Porter and Kramer’s (2011) article, “The Big Idea: Creating Shared Value,” in the
Harvard Business Review, proposes a revised CSR approach that redefines some of the
key notions about capitalism and businesses relationship in society. Their concept is
18
called corporate shared value (CSV). Porter and Kramer argue that CSR programs focus
mostly on reputation and have only a limited connection to the business, making CSR
programs hard to justify and maintain over the long run. In contrast, CSV is integral to a
company’s profitability and competitive position. While this may be true, the focus on
profitability and competitive positioning detracts from building trust and minimizing
stakeholder skepticism. This research mostly satisfies a paradigm of business thinking
needed by management and investors/shareholders. Porter and Kramer’s earlier article,
“Strategy and Society: The Link Between Competitive Advantage and Corporate Social
Responsibility” (2006), concluded that if corporations were to analyze their opportunities
for social responsibility using the same frameworks that guide their core business
choices, they would discover that CSR could be much more than a cost, a constraint, or a
charitable deed – it could be a potent source of innovation and competitive advantage.
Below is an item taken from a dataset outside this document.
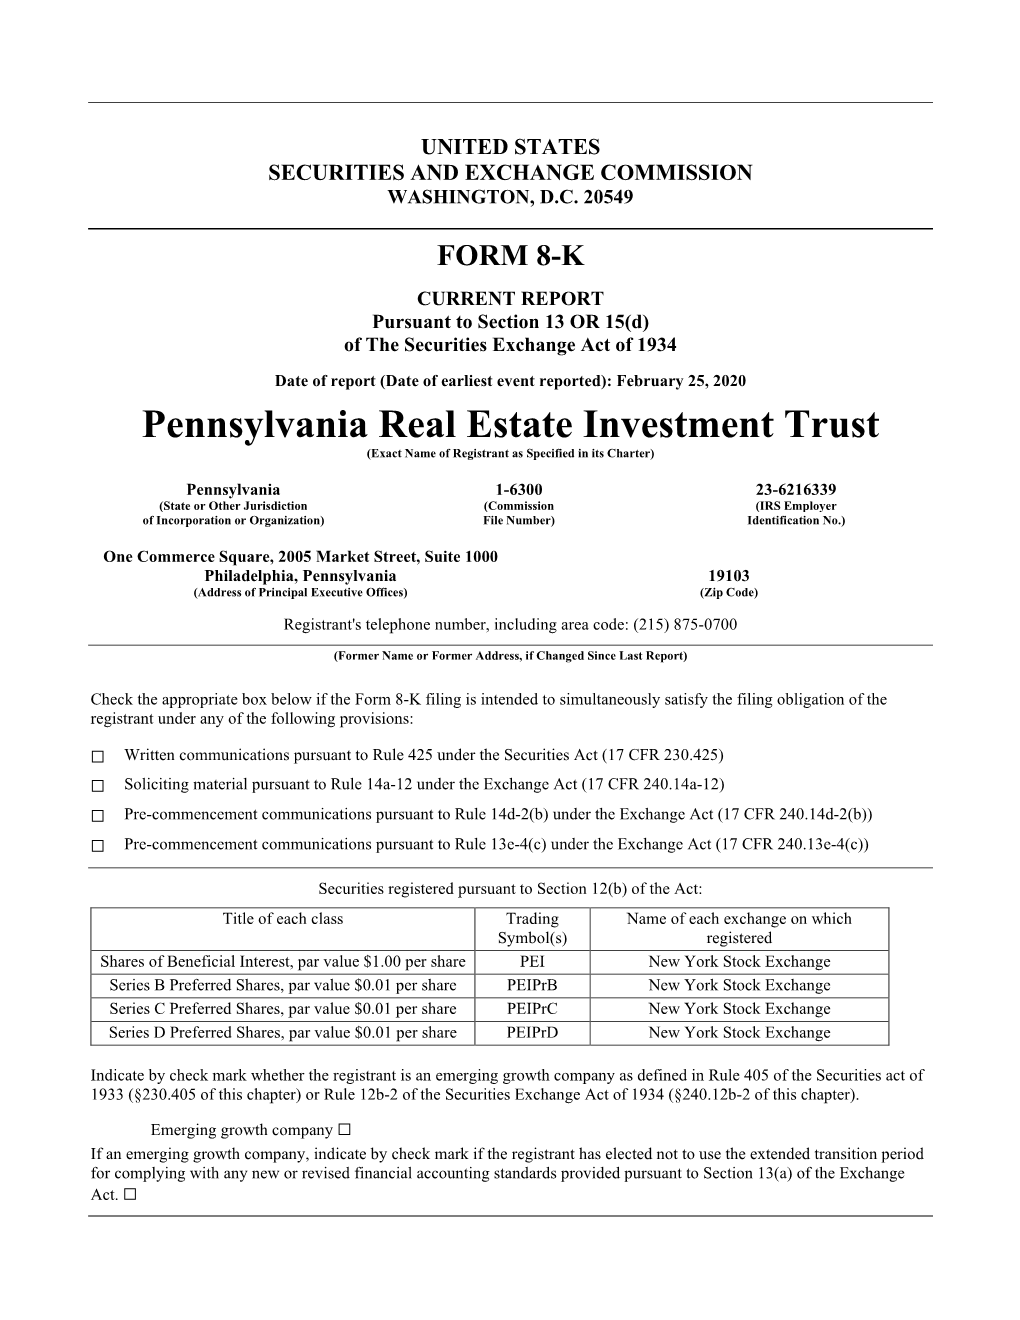 Pennsylvania Real Estate Investment Trust (Exact Name of Registrant As Specified in Its Charter)

Porter and Kramer’s work has really become a driving force for much of the discussion
around CSR today.
However, not all agree with the concept of shared value. A more neutral view of
CSR is expressed by David Vogel (2005) in The Market for Virtue: The Potential and
Limits of Corporate Social Responsibility, where he suggests that CSR is not a
precondition for business success but a dimension of corporate strategy. "Just as firms
that spend more on marketing are not necessarily more profitable than those that spend
less, there is no reason to expect more responsible firms to outperform less responsible
ones,” he writes (Vogel, 2005, p. 33). In other words, the risks associated with CSR are
not different from those associated with any other business strategy; sometimes
19
investments in CSR deliver returns and sometimes they do not. Vogel points to the
argument that CSR makes good business sense for some corporations, in some sectors,
under certain circumstances. He believes that the business case is overblown; it is only
after a product has passed the price and quality hurdles that CSR might be important
(Vogel, 2005). There is plenty of evidence to show how the markets do not necessarily
punish corporations that do not engage in CSR; “unethical” stocks are still strong (as
cited in Ihlen et al, 2011). Vogel’s outlook can help guide CSR communication as it
signals that CSR is not always guaranteed to produce goodwill in stakeholder
relationships or drive profits.
The beginning of the 2000s also a saw an increase in the mainstream discussion of
corporate responsibility. The Economist dedicated a series of reports investigating and
discussing the topic in the 2005. CSR is now a topic that regularly makes headlines–
however, it is not always favorably depicted in the best interests of the corporation. Given
CSR’s confluence across many issues, it may not be surprising that it is difficult for
companies to always control their CSR-related messages. A company can face difficulty
with CSR through media coverage that reports on anything from environmental to social
concerns. As a result, more companies are becoming more proactive in displaying their
CSR efforts. By 2008, 86% of companies on the Standard and Poor's 100 Index had
corporate sustainability websites, compared to 58% in 2005, according to the 2008 S&P
100 Sustainability Report Comparison from the Sustainable Investment Research Analyst
Network (SIRAN), a working group of the Social Investment Forum.
20
Many of the critiques that CSR faces are very much related to communication
issues. Critics point to discrepancies between what is said and what is done (Aras &
Crowther, 2009). This begs the question of whether communication is even needed for
CSR. Public relations, in particular, has been criticized for being a shallow discipline
intent on glossing up images of organizations. Some argue against placing the
responsibility for CSR activities in the public relations department of an organization
(Frankental, 2001). Ihlen, Bartlett and May (2011) aimed to assess the role of
communication in CSR in their book The Handbook of Communication and Corporate
Social Responsibility. Their goal was to create the definitive research collection for CSR
communication. They pulled together and expanded upon existing recommendations
from management as well as from communication disciplines such as public relations,
organizational communication, marketing and reputation management. They found that
when communication was actually mentioned in current literature, the communication
ideal that was implied was often ill-defined and vague. The authors pointed out that often,
calls are issued for corporations to engage in stakeholder dialogue and implement
transparency and accountability through the publication of nonfinancial reports.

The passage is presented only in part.